Co-sponsors include:

Nodutdol is a New York-based community of first through fourth generation Koreans living in the U.S. We are a community that has families in both, the south and north of Korea. They are diverse in our backgrounds and perspectives, but bound together by our shared sense of the Korean homeland that continues to suffer under division [with the understanding that the concept of ‘home’ may vary]. They are part of the Korean diaspora spread throughout the globe made up of artists, filmmakers, teachers, students, workers, professionals, young families, etc. who believe in social justice.

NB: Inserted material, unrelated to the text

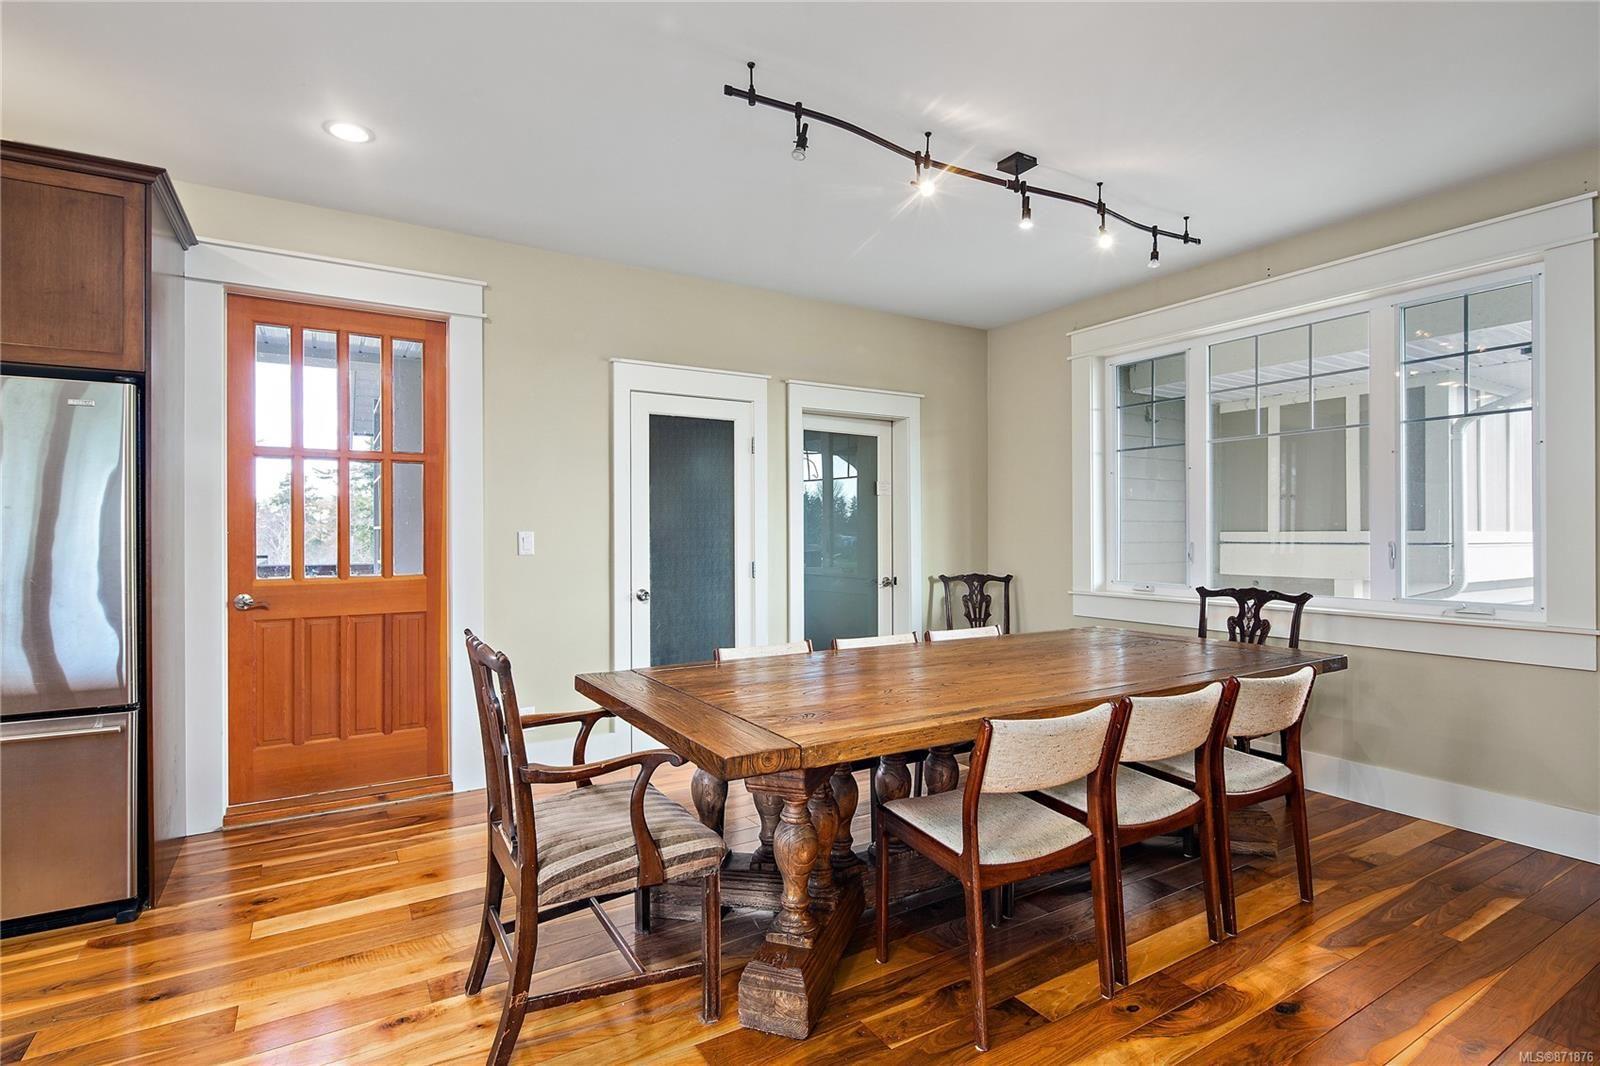 Photo 15: Photos: 4420 Wilkinson Rd in : SW Royal Oak House for sale (Saanich West)  : MLS®# 871876

Qiao Collective is a diaspora Chinese media collective challenging U.S. aggression on China. Qiao aims to challenge rising U.S. aggression towards the People’s Republic of China and to equip the U.S. anti-war movement with the tools and analysis to better combat the stoking of a New Cold War conflict with China. They seek to be a bridge between the U.S. left and China’s rich Marxist, anti-imperialist political work and thought in order to foster critical consideration of the role of China and socialism with Chinese characteristics in contemporary geopolitics. Qiao aims to disrupt Western misinformation and propaganda and to affirm the basic humanity, subjectivity, and political agency of Chinese people.

Friends of Socialist China is a platform based on supporting the People’s Republic of China and promoting understanding of Chinese socialism.